The case also turned on claims Parker raised about Pruitt. Parker said he believed Pruitt had sexually abused his children. Prosecutors said there was no evidence to support that allegation and framed it as a false justification for a killing rooted in jealousy, control and fear that Pruitt was replacing Parker as a father figure. Ronda Parker, who had been in a relationship with Pruitt, testified for the commonwealth. Heil also testified after reaching her own agreement with prosecutors. Their testimony helped place Parker at the home before the shooting and at the disposal scene afterward.

Ronda Parker later received a separate prison sentence for her role. She was sentenced May 11 to 15 to 40 years in state prison after pleading guilty to third-degree murder. Prosecutors said she knew for days that Terry Parker planned to kill Pruitt and helped draw Pruitt to her home without warning him. Heil pleaded guilty to hindering apprehension and received a prison term for helping conceal evidence and dispose of the body. Her sentence was added to other sentences she was already serving, making her total term three years and nine months to 14 years in prison.

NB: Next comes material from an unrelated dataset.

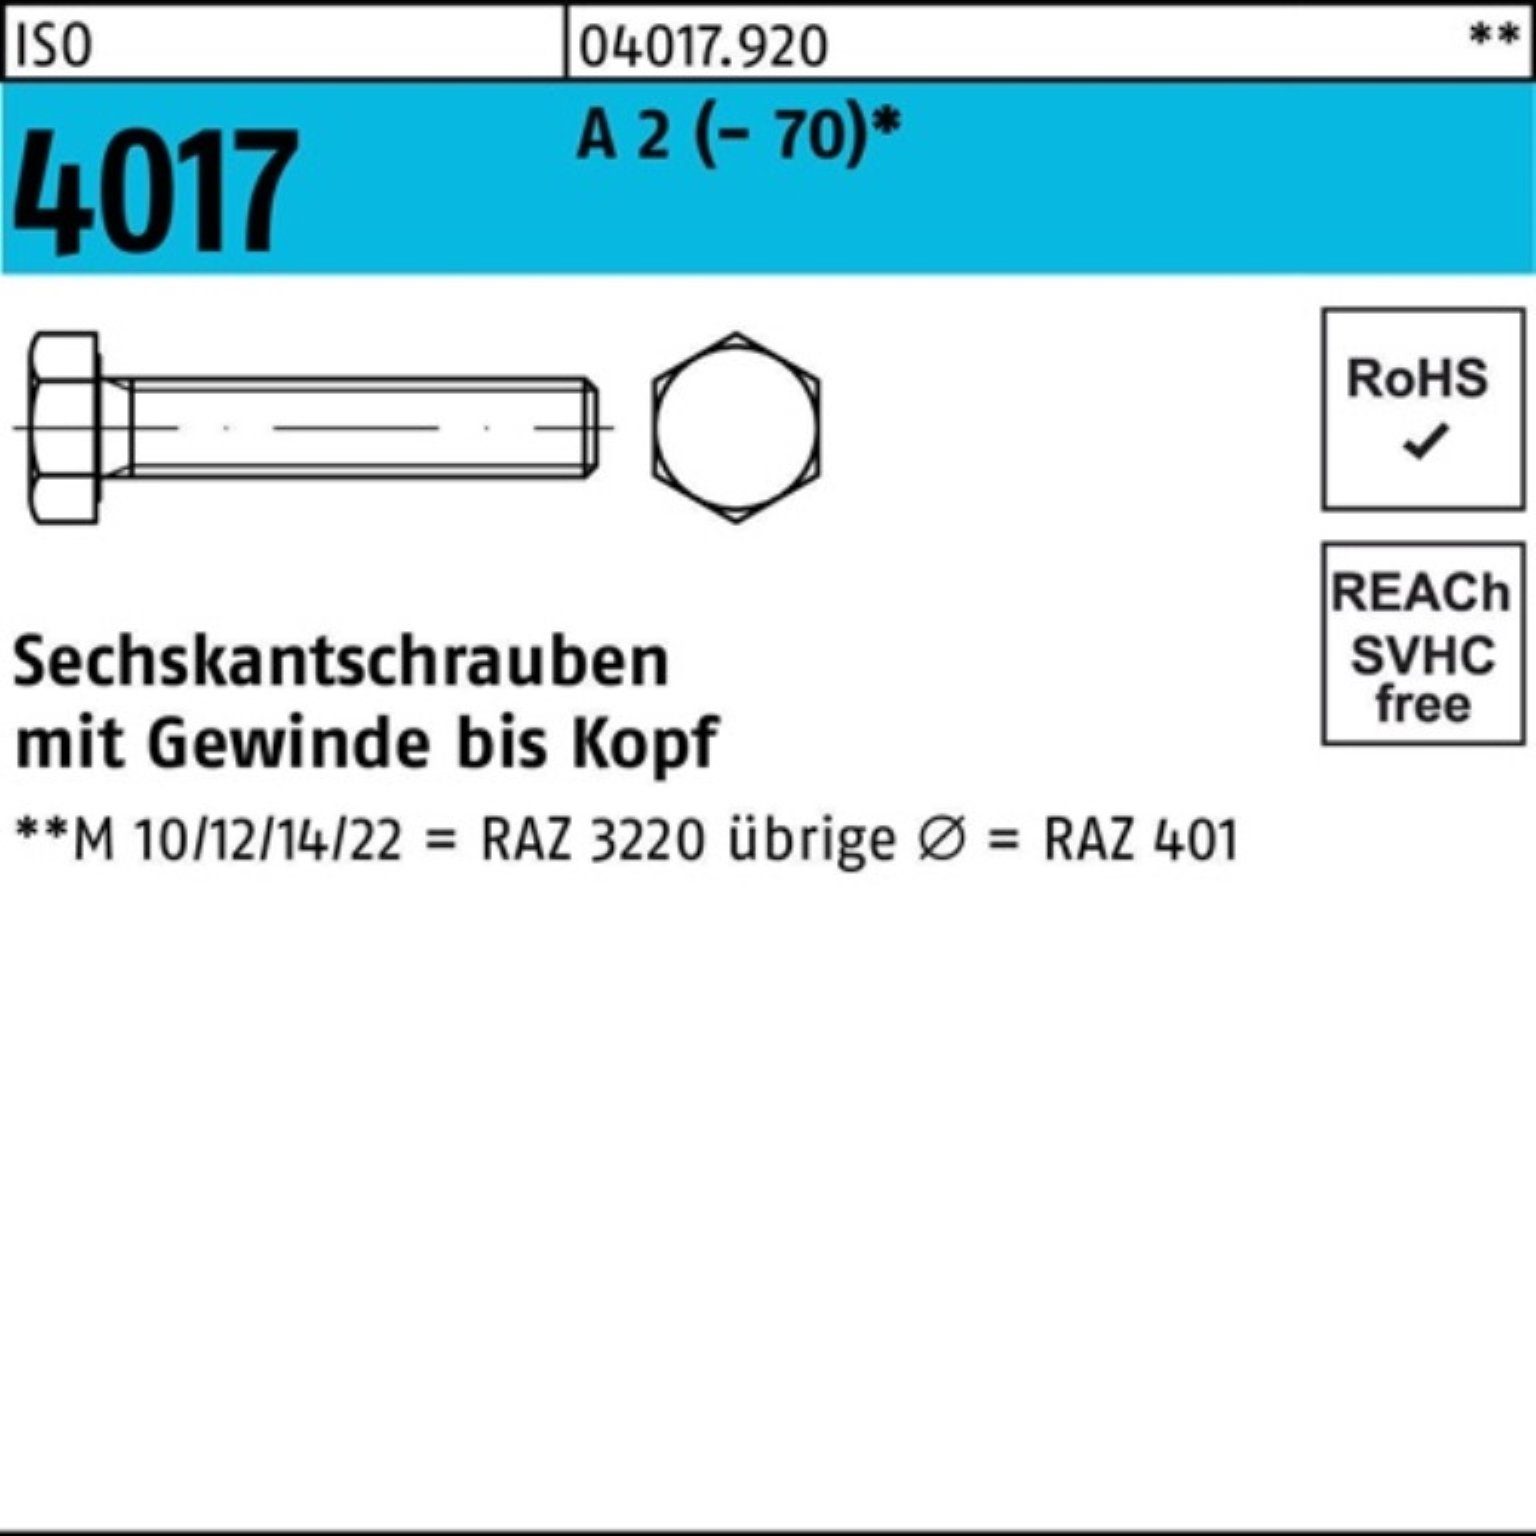 Bufab Sechskantschraube 100er Pack Sechskantschraube ISO 4017 VG M10x 50 A 2 (70) 100 Stück

The courtroom outcome left Parker facing the harshest penalty available for first-degree murder in Pennsylvania short of a death sentence. After the verdict, sheriff’s deputies escorted him from the courthouse while Pruitt’s killing remained the focus of separate punishment for the co-defendants. Bradford County officials described the prosecution as a case built through testimony, forensic recovery and the defendants’ own communications. The record now shows three people punished at different levels for one killing and the effort that followed to erase its traces.

Currently, Parker remains sentenced to life without parole. Ronda Parker is serving 15 to 40 years, and Heil is serving her combined prison term. The next phase rests with the state prison system and any post-sentence filings allowed under Pennsylvania law.

Author note: Last updated May 19, 2026.